Bibliometrics
Once this data on the document archive was standardized and formatted, I was able to start on the first digital scholarship aspect of the project, bibliometrics. Bibliometrics are the use of statistical methods to analyze books, articles and other publications, especially in scientific contents. The concept was to see if there was some way to visualize all of the academic work that came out of Taylor to give a sense of the institution’s “research impact,” looking at how many times that work was cited, the changing subject matter over time and seeing how researchers collaborated through co-authorship of papers.
There are a few different sites people can use to generate bibliometric data but the best one I found for this group of researchers was Web of Science. Within the site, you can search for specific authors and works, create collections of those items where you can see how they relate to scholarly works and export that data directly.
Qualitative Questions
In digital scholarship, you will sometimes be faced with qualitative questions around balancing validity and sufficiency of data. In this case, I found that searching for specific names of the scientific papers in Web of Science wasn’t yielding very many results – mainly for two reasons:
-
These were often early drafts of future publications, which meant the titles didn’t always match up and, mainly,
-
Web of Science’s data swings very heavily towards more recent papers, with the majority of their data beginning in the late 90s onward.
This means the vast majority of the papers published from 1970 onward were largely absent.

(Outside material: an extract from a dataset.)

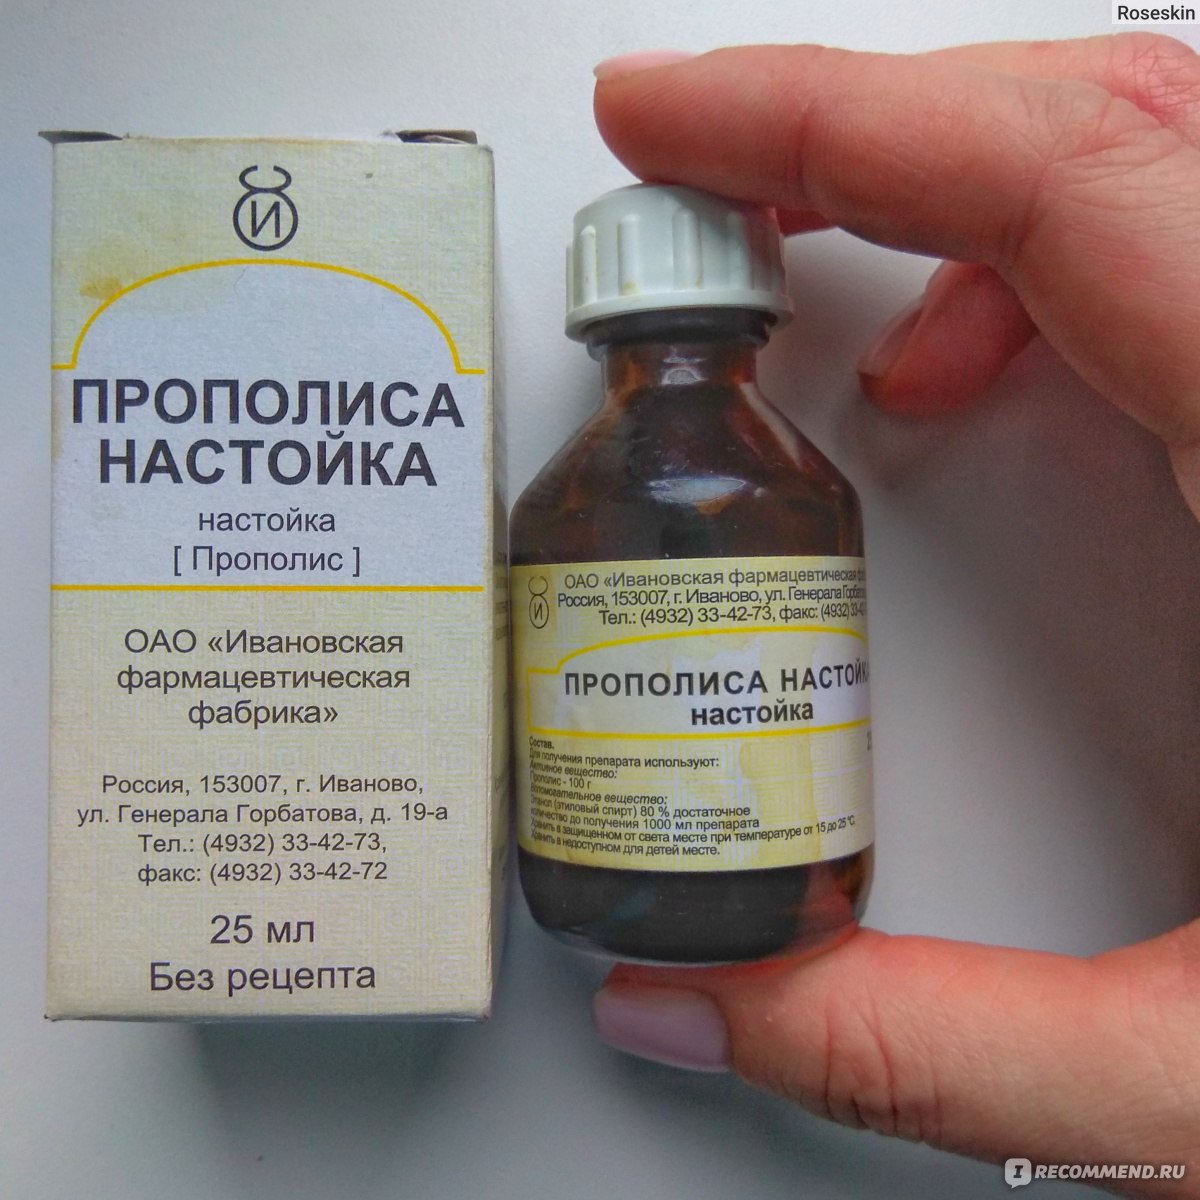 Антисептическое средство Настойка прополиса - «Как быстро вылечить простуду за 37 рублей: впервые в жизни боль в горле и температура покинули меня так быстро. » - отзывы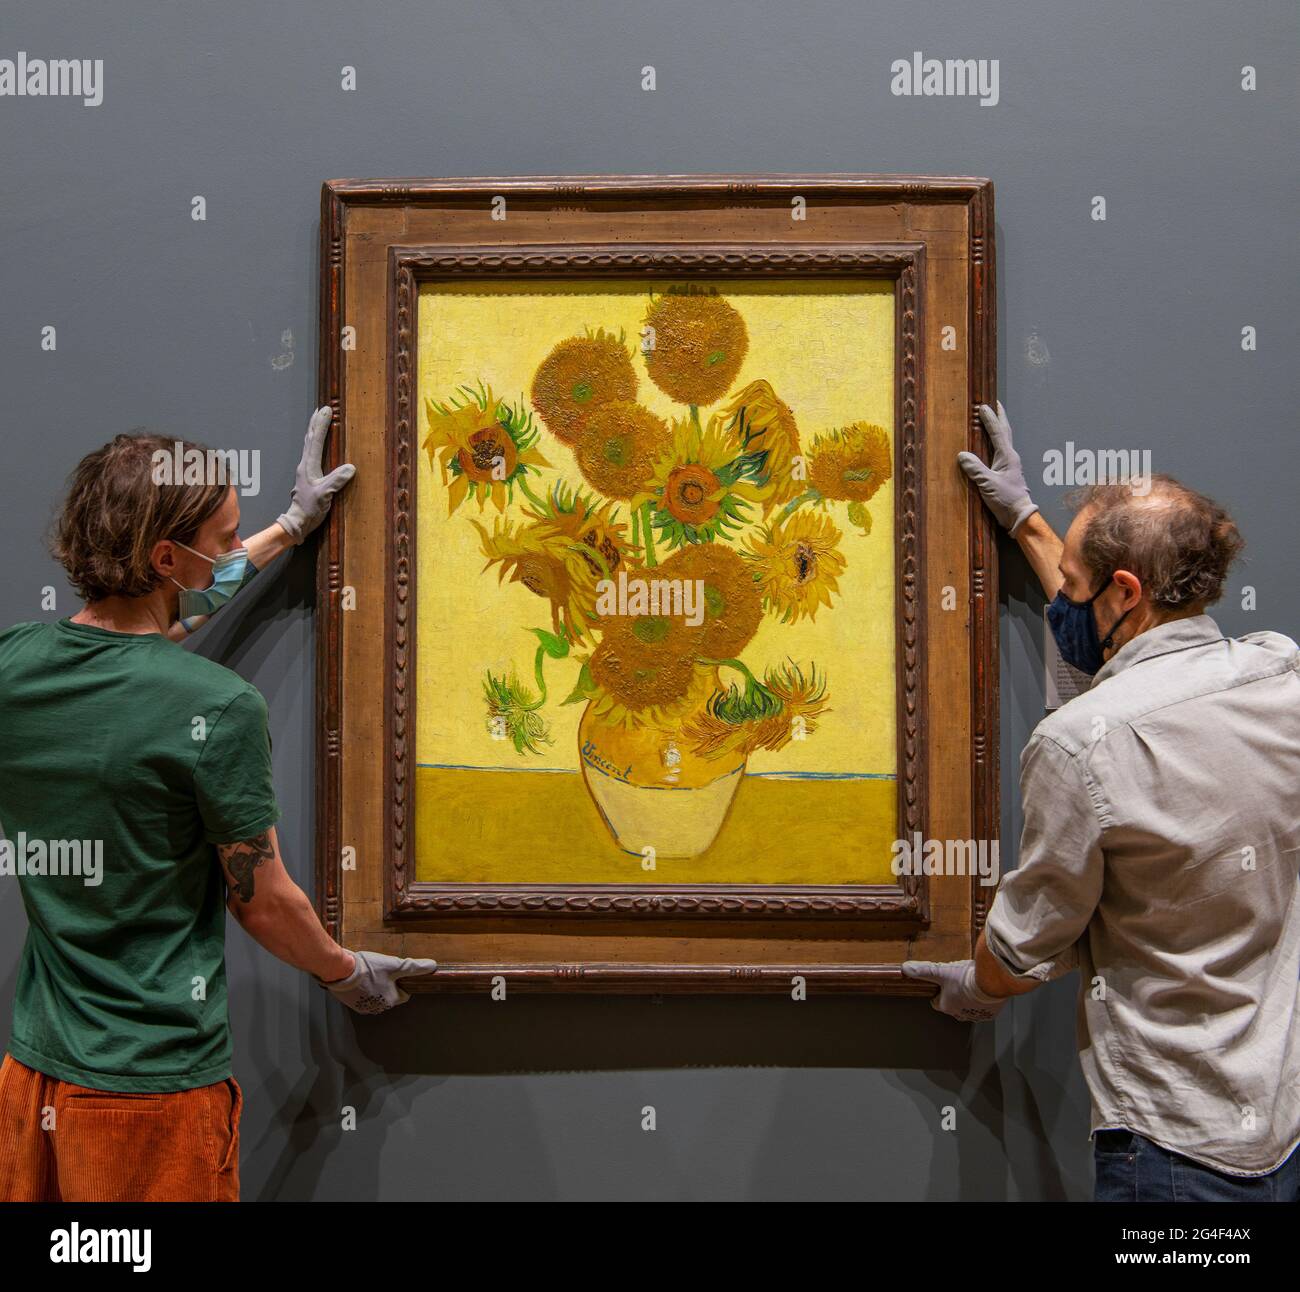 La National Gallery, Londres, Reino Unido. 21 de junio de 2021. Los manipuladores de arte de la Galería Nacional rehang el Vincent van Gogh Sunflowers, pintado 1888, temprano el lunes 21st de junio por la mañana, el solsticio de verano, antes de que la Galería se abra. La obra maestra de Van Gogh ha llegado a casa de la galería después de haber estado en una gira mundial de 16 meses a Japón y Australia. Crédito: Malcolm Park/Alamy Live News. Foto de stock

What does it mean for a paper to be the direct product of a specific place?
- Does Taylor need to be mentioned in the title, abstract or body of the text? Does the region need to be mentioned?
- Are we only looking at work that comes out of University of Idaho or did Washington State research also count?
- Is it still a product of Taylor if the research was conducting ten or twenty years after the paper is published?
With this in mind, I pivoted to looking at authors from the University of Idaho who were present in the archive, rather than specific titles.
Another hurdle: Web of Science doesn’t have a bulk search function where I could simply import a spreadsheet of the 737 individual authors that contributed to the archive collection and find all of the papers they produced. To save myself from a dreary 737 individual searches, I created an equation in Google Sheets that pulled groups of 100 names at a time, such as “k. Aho” OR “H. Akenson” OR “E. Ables” etc. Searching all of these names produced 805 titles, which were exported with all of Web of Science’s (extremely thorough) academic metadata.
Network Visualization
I then imported this data into VOSviewer, a Dutch, open-source network visualization platform with excellent documentation and much more intuitive interface than it’s open source competitor Gephi.The Web of Science csv file can be plugged directly into the VOSviewer desktop application and filtered to visualize certain aspects of that data. For this project, I wanted to analyze future citations of specific documents, co-authorship of papers, and fields of interest over time.
Once these three visualizations are completed, customizations can be done to highlight elements of the data: nodes (circles) representing titles can be colored based on scientific discipline, size of the node can represent the number of times the work has been cited, nodes can be arranged according to when they were published, etc. Selecting a node brings up a pane on the lower right hand corner of the screen which reveals more details on the title and, if available, creates a link to the research paper itself.
These visualizations can then be embedded into a live site, in this case, on our CollectionBuilder. While the visualizations do take about three to five seconds to process all of the JSON data, the bibliometrics add a colorful and interactive element that reduces hundreds of scholarly papers into a single visualization.